#### [About this exercise]
Retype the material that follows exactly, limited to the lines from the one with "Permaculture - Spiral" through the one with "Calf Compression Sleeves", and keep out all pictures.

#### [Exercise materials]

········

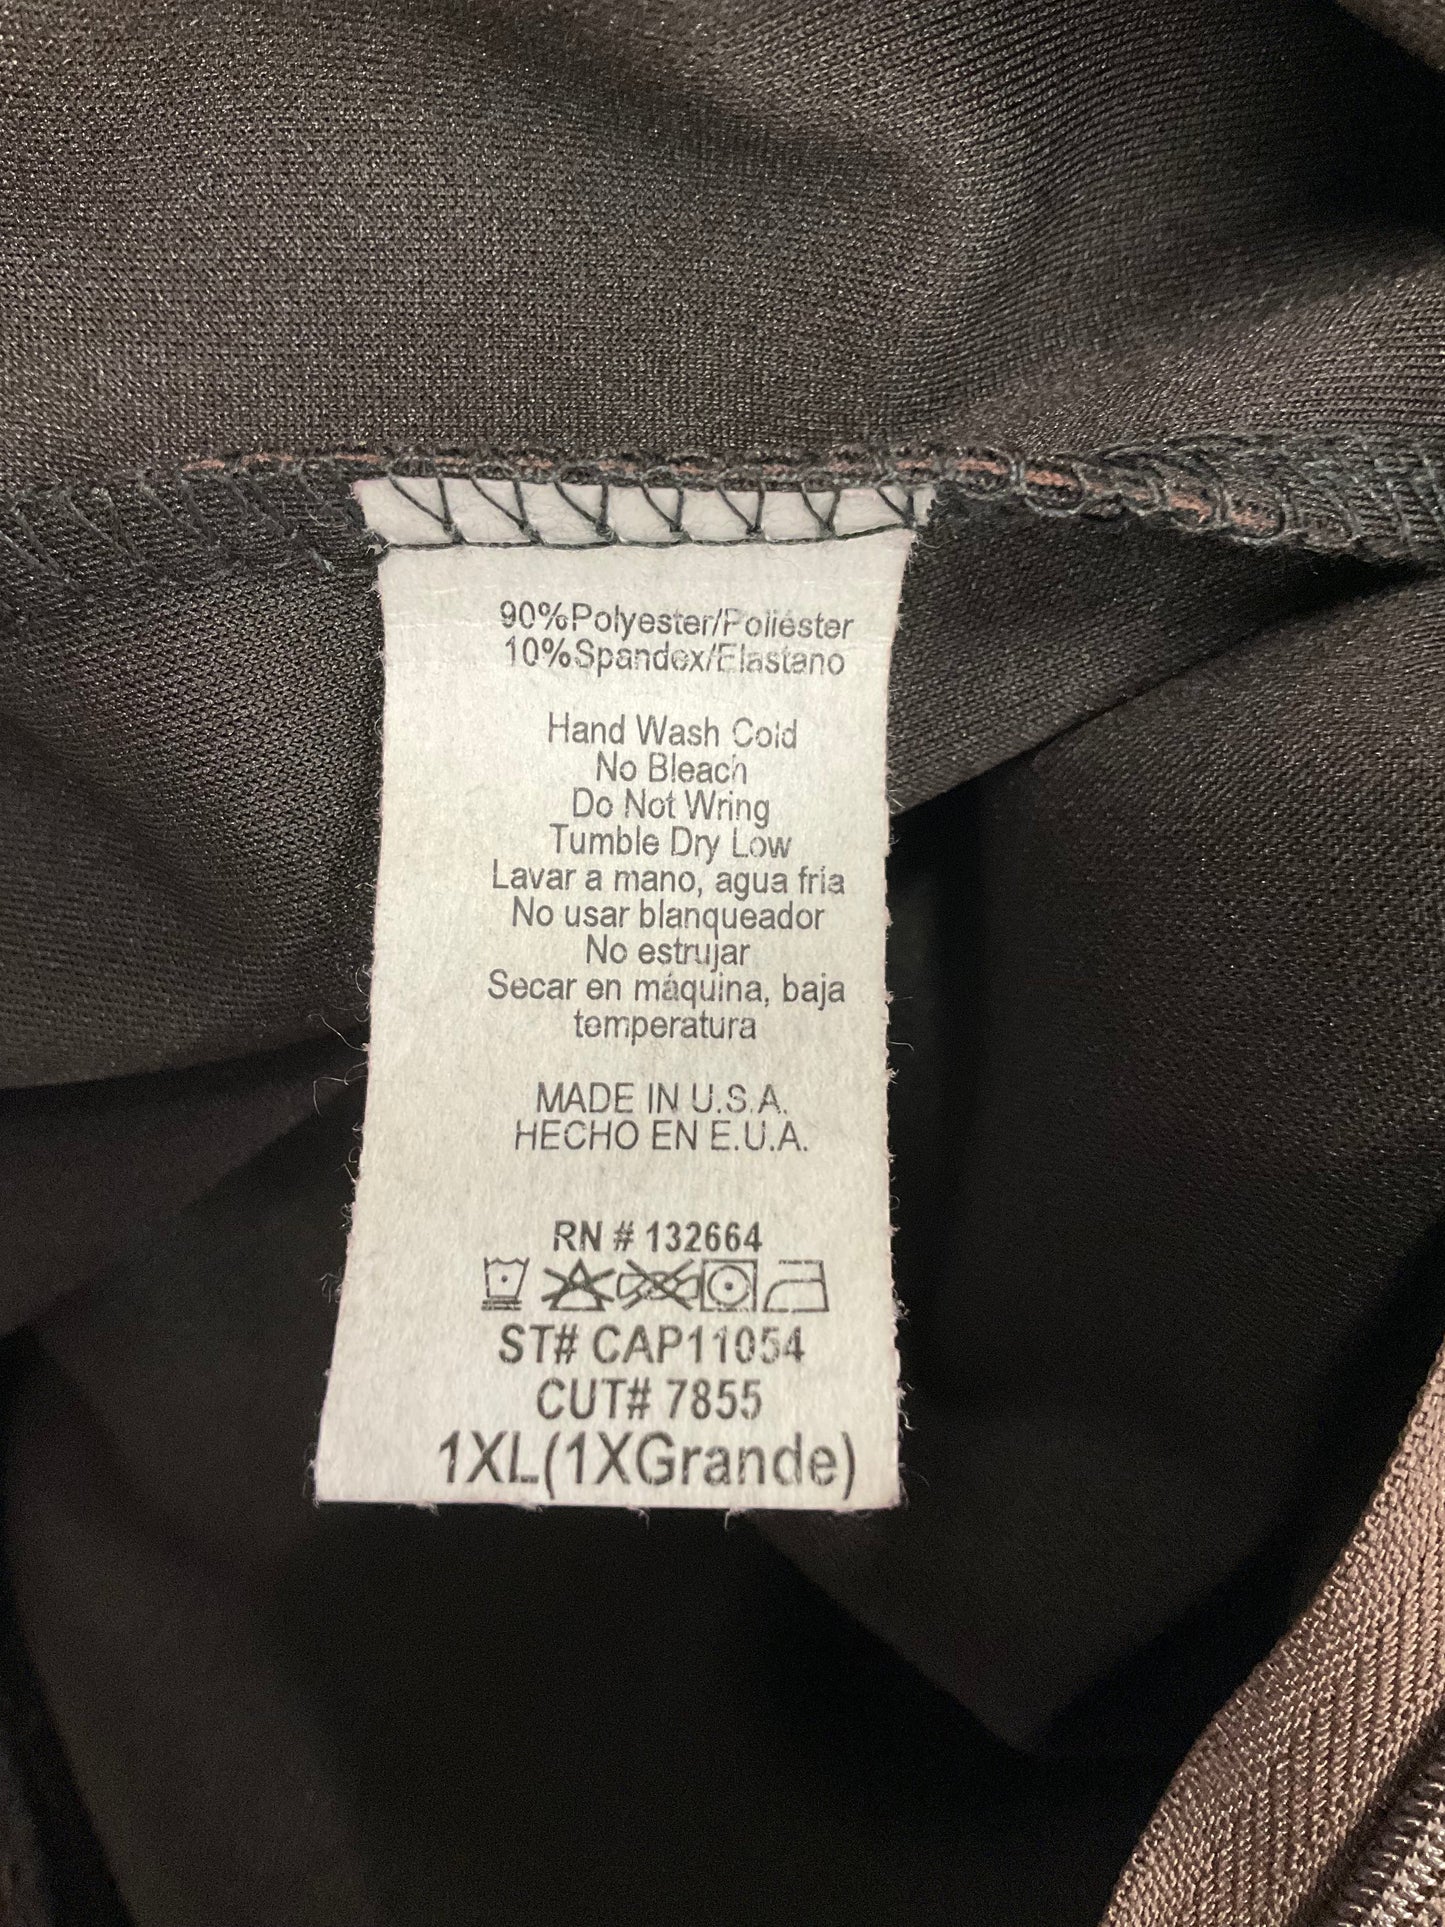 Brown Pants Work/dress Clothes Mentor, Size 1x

········

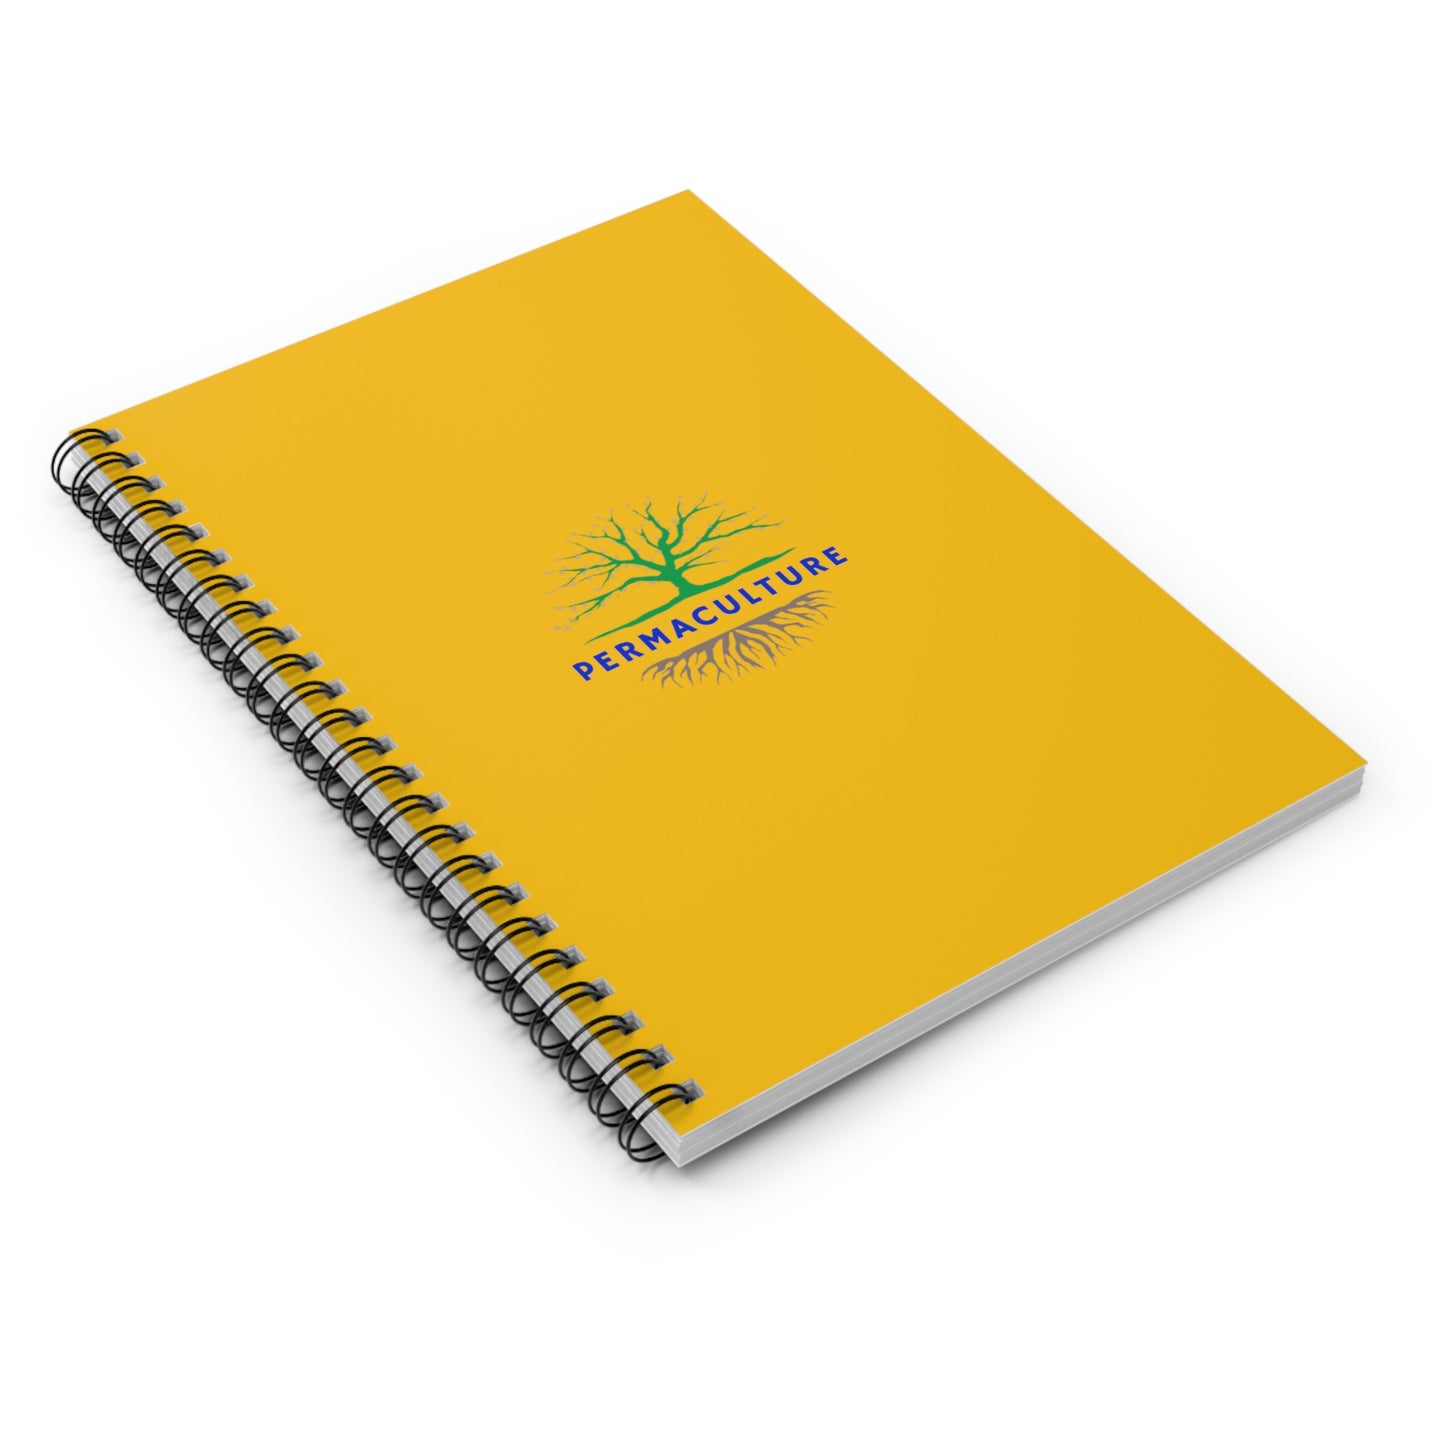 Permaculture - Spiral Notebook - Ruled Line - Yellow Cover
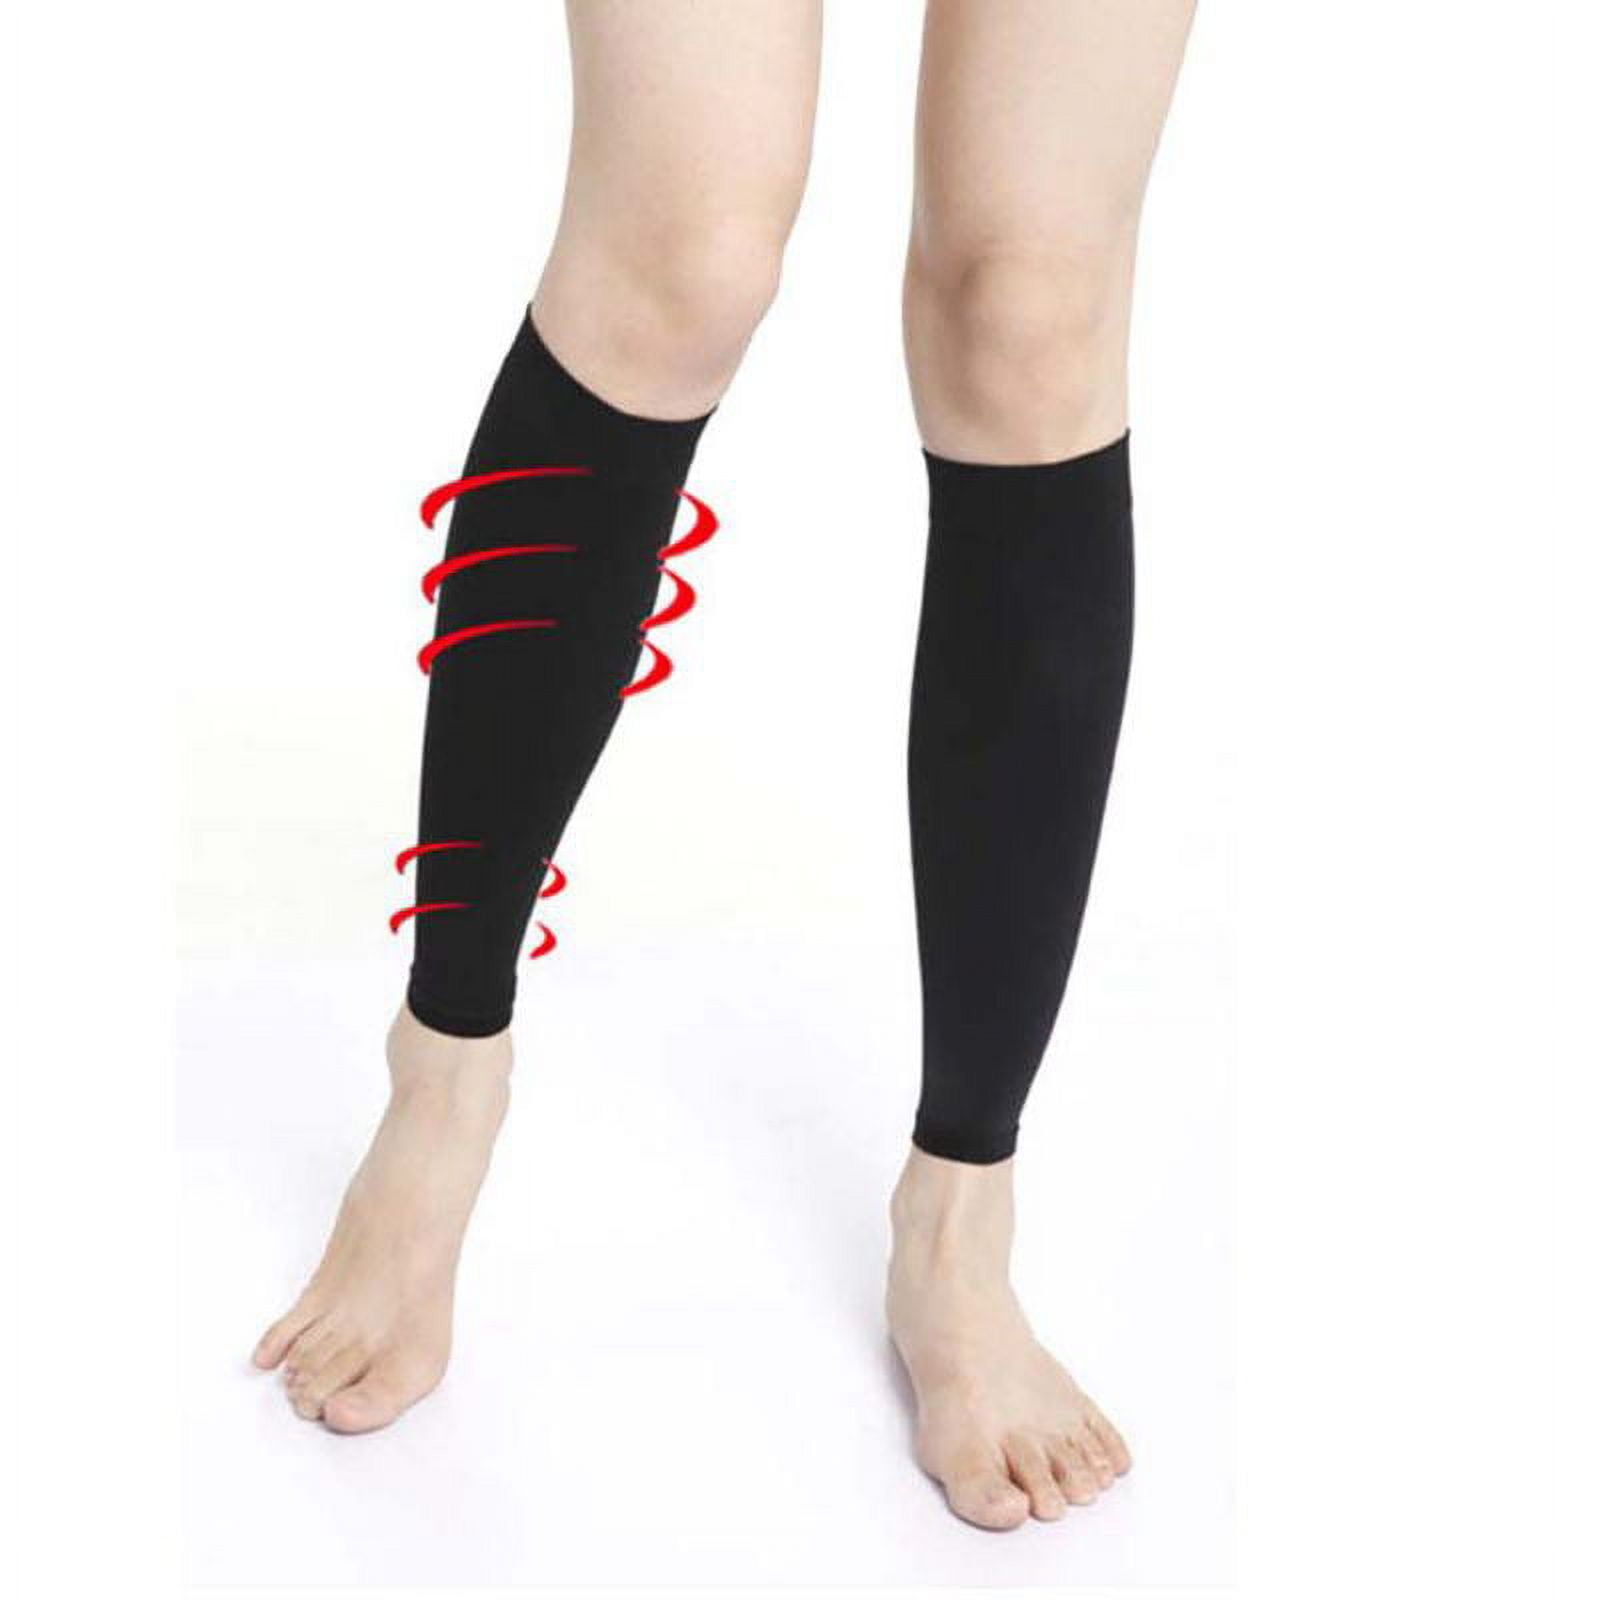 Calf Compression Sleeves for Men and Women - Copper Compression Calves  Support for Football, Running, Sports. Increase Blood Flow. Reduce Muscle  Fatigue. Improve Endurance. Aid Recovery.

········

#### [Task result]
 Permaculture - Spiral Notebook - Ruled Line - Yellow Cover
 Calf Compression Sleeves for Men and Women - Copper Compression Calves  Support for Football, Running, Sports. Increase Blood Flow. Reduce Muscle  Fatigue. Improve Endurance. Aid Recovery.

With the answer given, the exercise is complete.